Water has many solid phases (ices), There are sixteen or so crystalline phases and three amorphous (non-crystalline) phases All the crystalline phases of ice involve the water molecules being hydrogen bonded to four neighboring water molecules (see [1300] for a recent review).
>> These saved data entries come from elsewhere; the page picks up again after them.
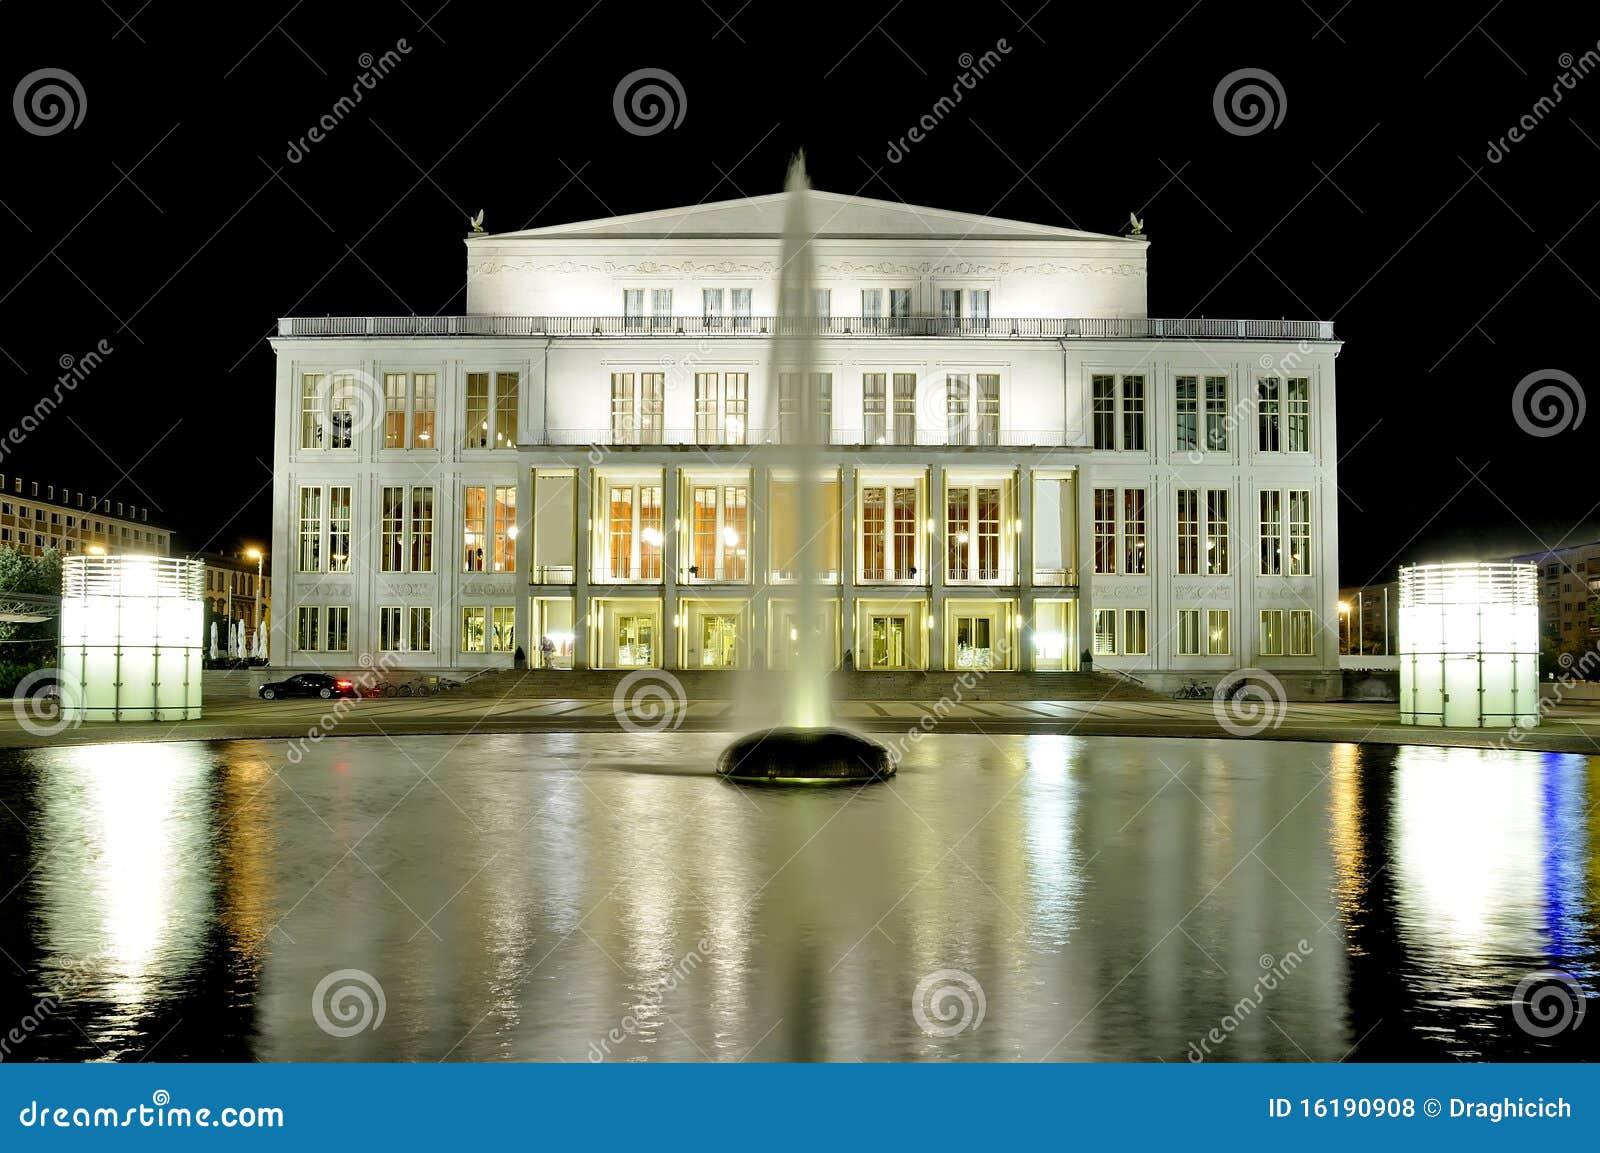 Opera House In Leipzig At Night Stock Photo Image Of Platz Opernhaus 16190908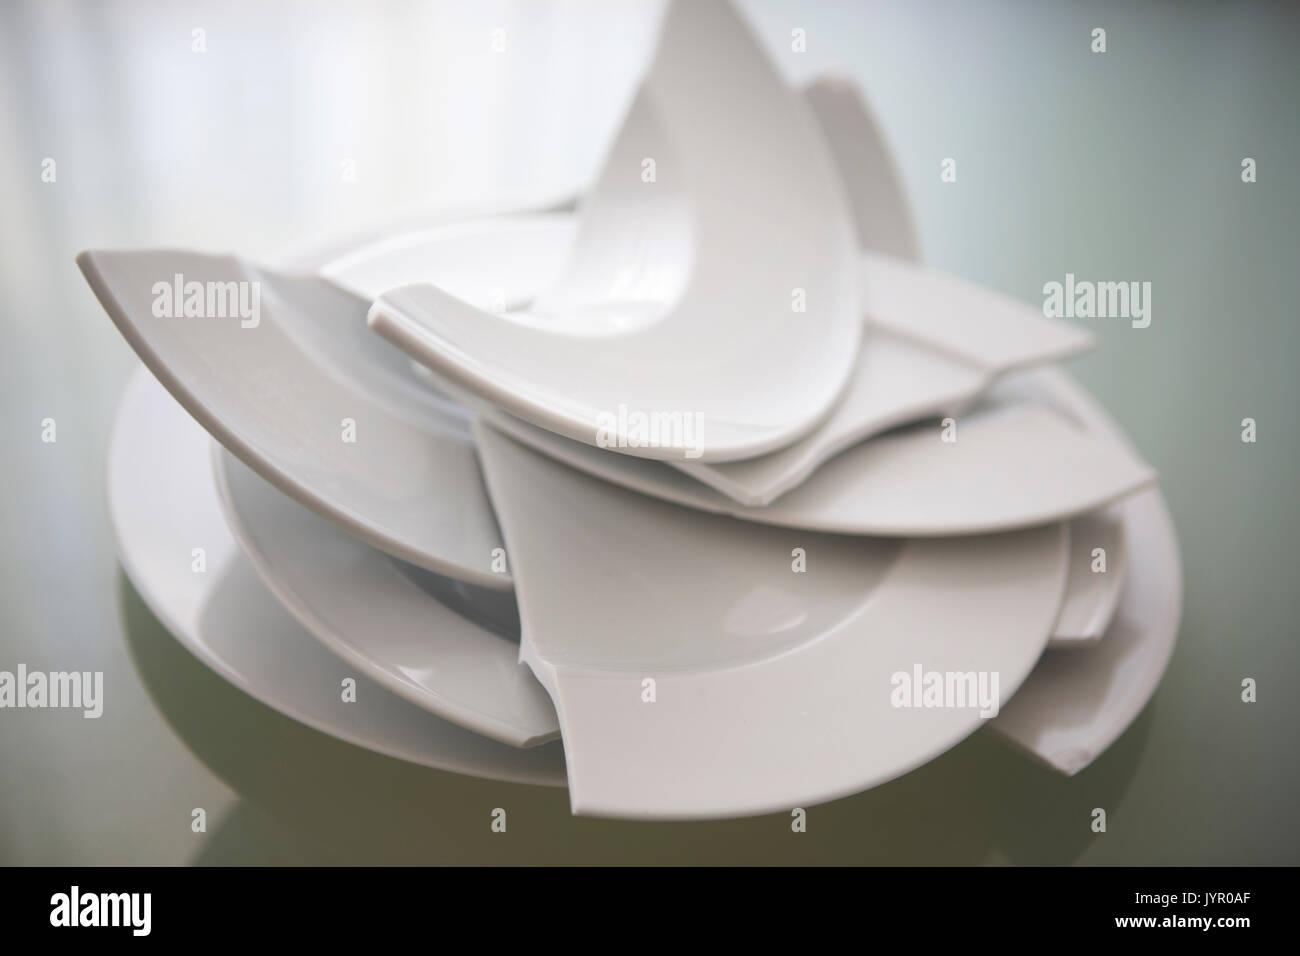 Plate smashing stock photos plate smashing stock images - Pile plate 3v ...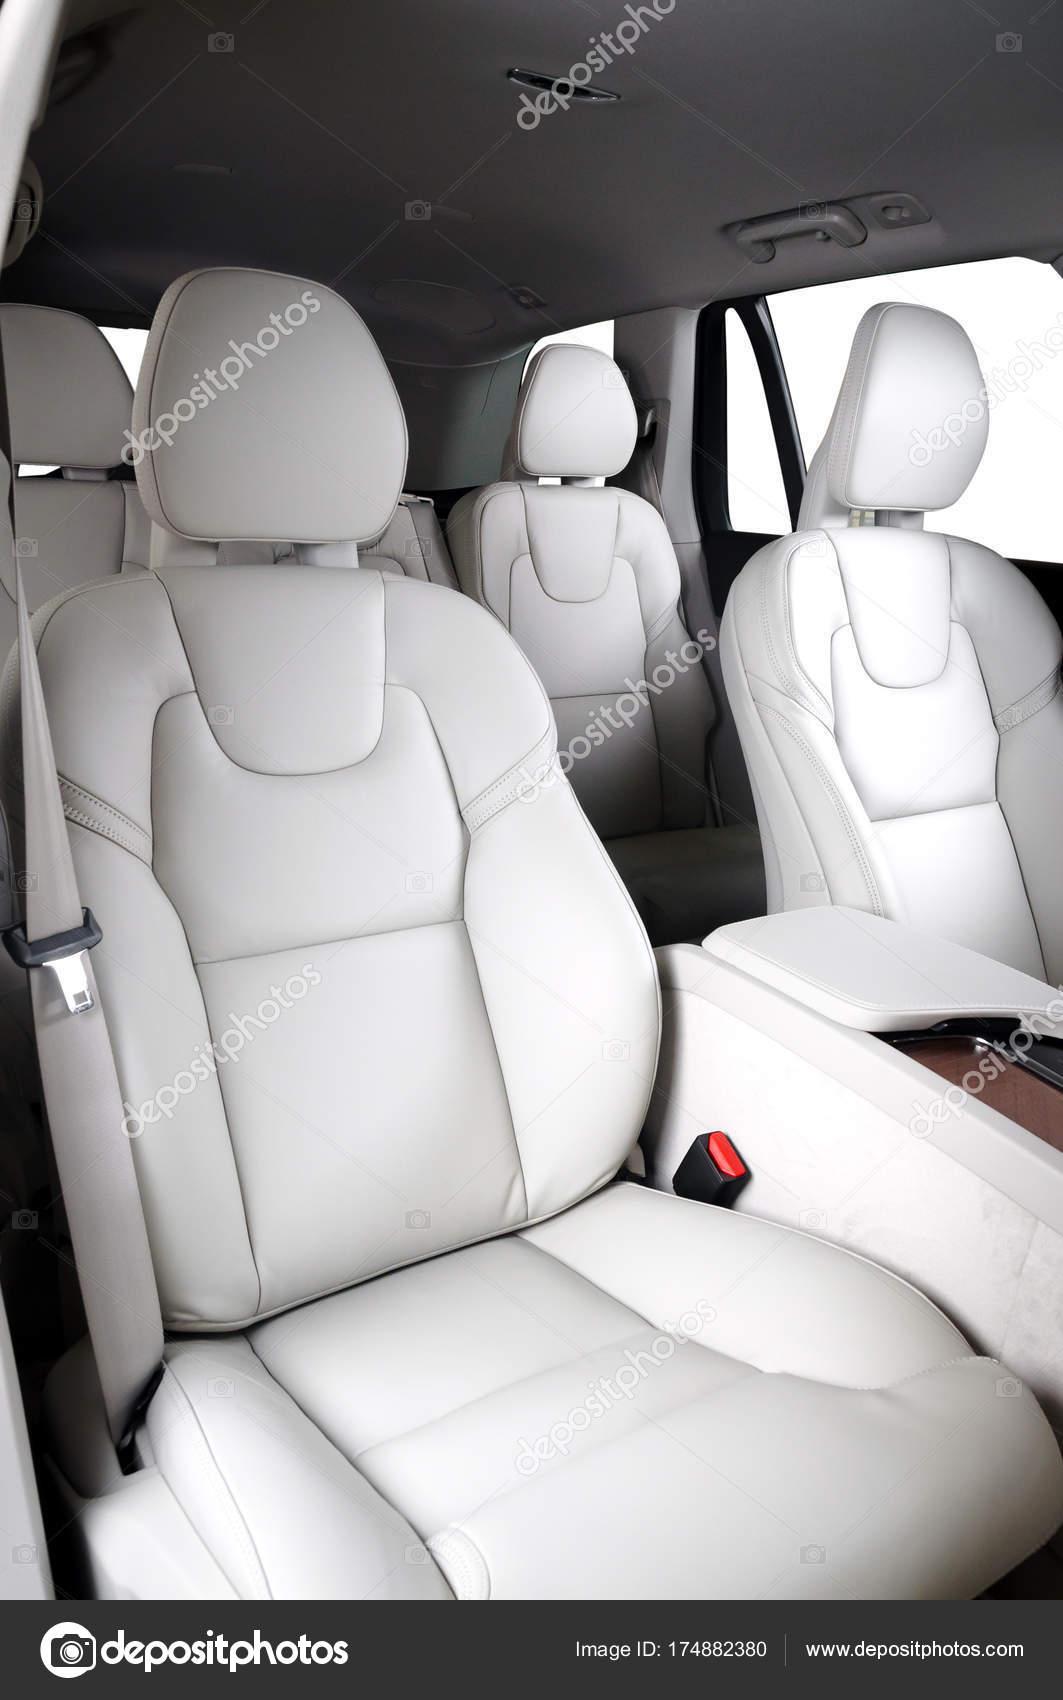 Luxury Car Interior Prestige Modern Car Comfortable Leather Seats White Stock Photo Image By C Gargantiopa1 174882380

In most cases the two hydrogen atoms are equivalent, with the water molecules retaining their symmetry, and they all obey the 'ice' rules: two hydrogen atoms near each oxygen, one hydrogen atom on each O····O bond.^j The H-O-H angle in the ice phases is expected to be a little less than the tetrahedral angle (109.47°), at about 107°. The Clapeyron equation^o for many ice phase changes has to be adapted due to water's negative expansion coefficient and anomalous change in entropy with volume [1147c].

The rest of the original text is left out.